Local residents sit at the entrance of an apartment building destroyed by shelling in the village of Ocheretyne. Photograph: Anatolii Stepanov/AFP via Getty Images
Local residents sit at the entrance of an apartment building destroyed by shelling in the village of Ocheretyne. Photograph: Anatolii Stepanov/AFP via Getty Images

Security officials believe Vladimir Putin’s original war aims are unchanged, more than two years after his full-scale invasion. They include seizing the cities of Kyiv, Kharkiv and Odessa and occupying Ukraine’s southern Black Sea coast. They assess that Russia will not be able to storm Kharkiv, a city of more than 1 million people close to the Russian border, but will continue to bomb and to threaten it.

The officials suggest the next few months will be critical. Ukrainian service personnel complain that they are completely outgunned. Russia is able to fire at least six shells for every salvo sent by Ukraine in return. Stocks of Soviet-era anti-aircraft missiles ran out long ago, with Russian warplanes able to operate freely close to the front line. Ukraine has fewer tanks and armoured vehicles.

In recent months Moscow has repeatedly targeted Ukrainian infrastructure. A missile attack on Saturday hammered power facilities in central and western Ukraine. DTEK, the country’s largest private electricity company, said four of its six thermal power plants were damaged. Rescuers put out fires at energy facilities in the western regions of Lviv and Ivano-Frankivsk, the company said.

Early on Sunday, Russian drones hit a hotel in the southern port city of Mykolaiv, said Vitaliy Kim, the region’s governor. A heat-generating plant was also damaged, he added.

Russia claimed it was targeting “English-speaking mercenaries”. It used the same formula to describe ballistic missile strikes earlier this year on hotels in Kharkiv, where several foreign journalists and local staff were injured.

Russia said it shot down 17 enemy drones above its territory. There were unconfirmed reports that the Ukrainian military had struck a Russian air defence unit at Cape Tarkhankut, on the western coast of occupied Crimea. Long-range ATACMS missiles supplied this month by the US were used, Telegram channels said.

Explosions were reported in the northern Crimean town of Dzhankoye, after a previous attack there on an airfield and Russian missile launcher system.

Ukraine’s armed forces frequently carry out strikes on Crimea and have used sea drones to drive out Russian’s Black Sea fleet from the port of Sevastopol.

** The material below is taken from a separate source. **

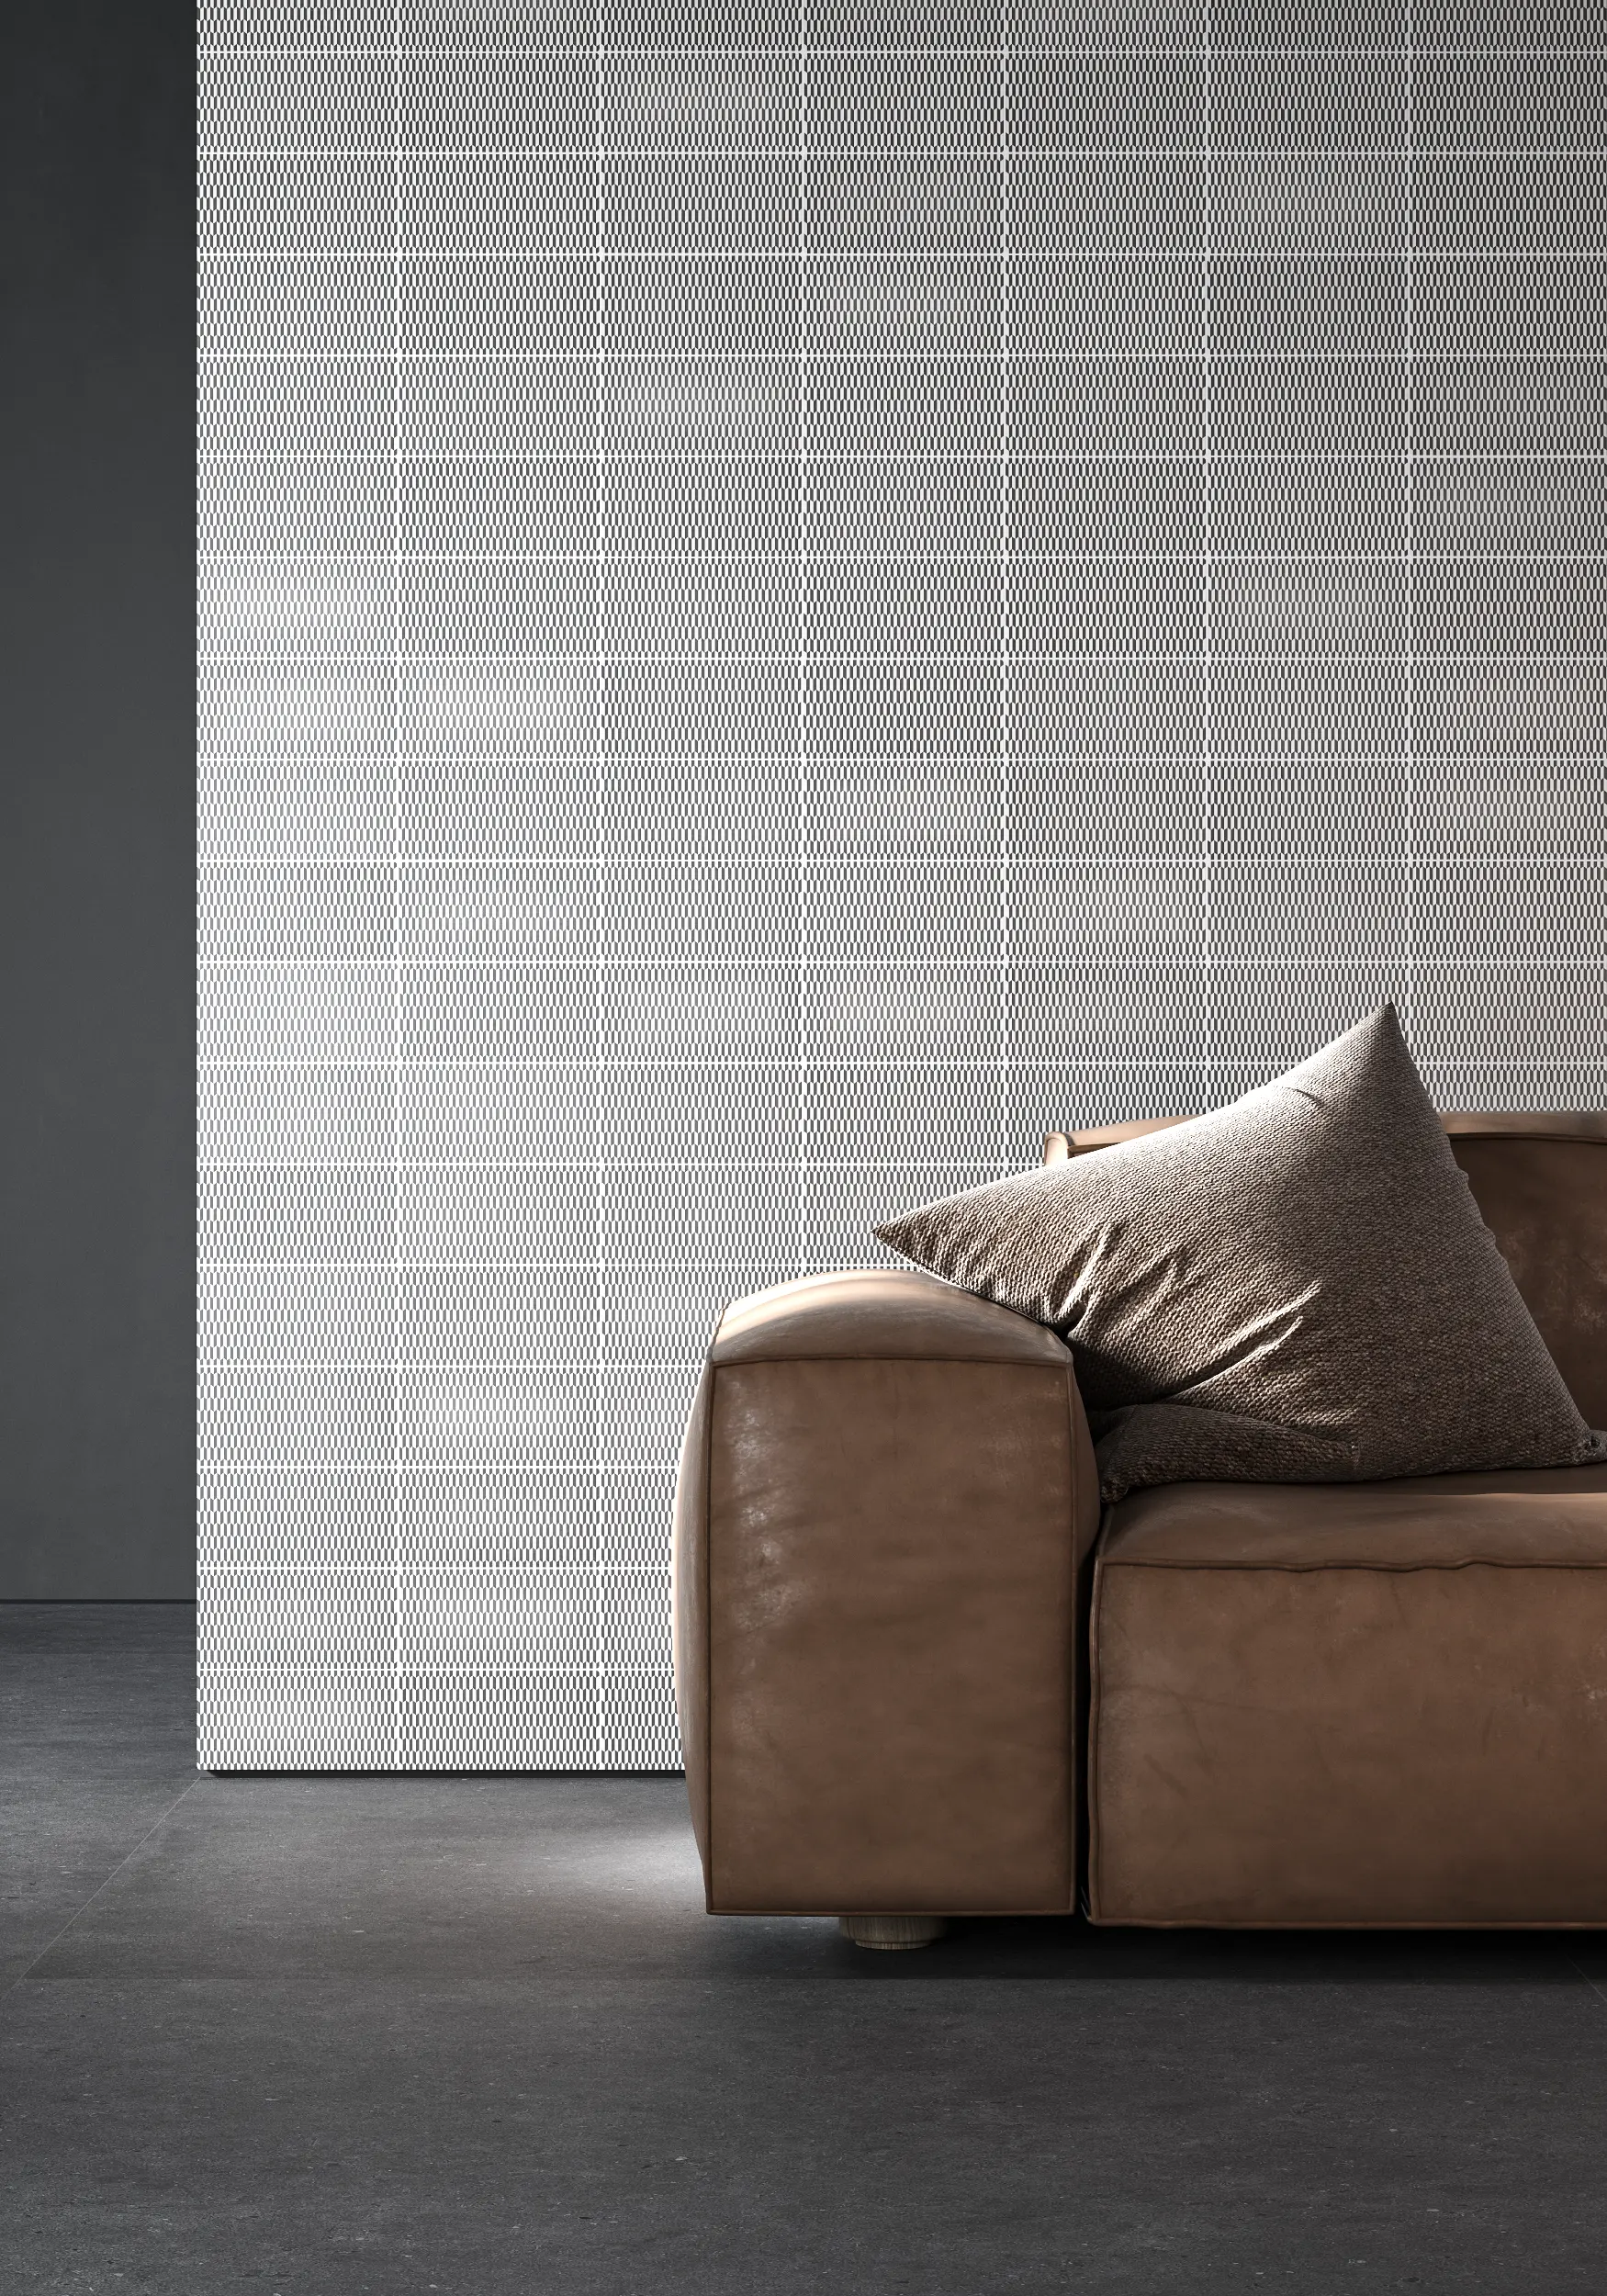 Living room wall with white concrete tiles in 10x20 cm - Arena collection

Intelligence officials indicate they intend to blow up the road and rail bridge connecting the occupied peninsula with Russia.

On Sunday, Lithuania’s former foreign minister, Linas Linkevičius, joked that the bridge would soon vanish, posting on X: “If someone hasn’t had time to take a photo on the Kerch Bridge, there is still time,” with photos of a rocket and Putin scratching his head.

Moscow was furious. Dmitry Polyansky, Russia’s representative to the UN, called Linkevičius an “obedient Baltic slave of the USA”. The Russian diplomat said the former minister – now Lithuania’s ambassador to Sweden – would regret his words on “judgment day”.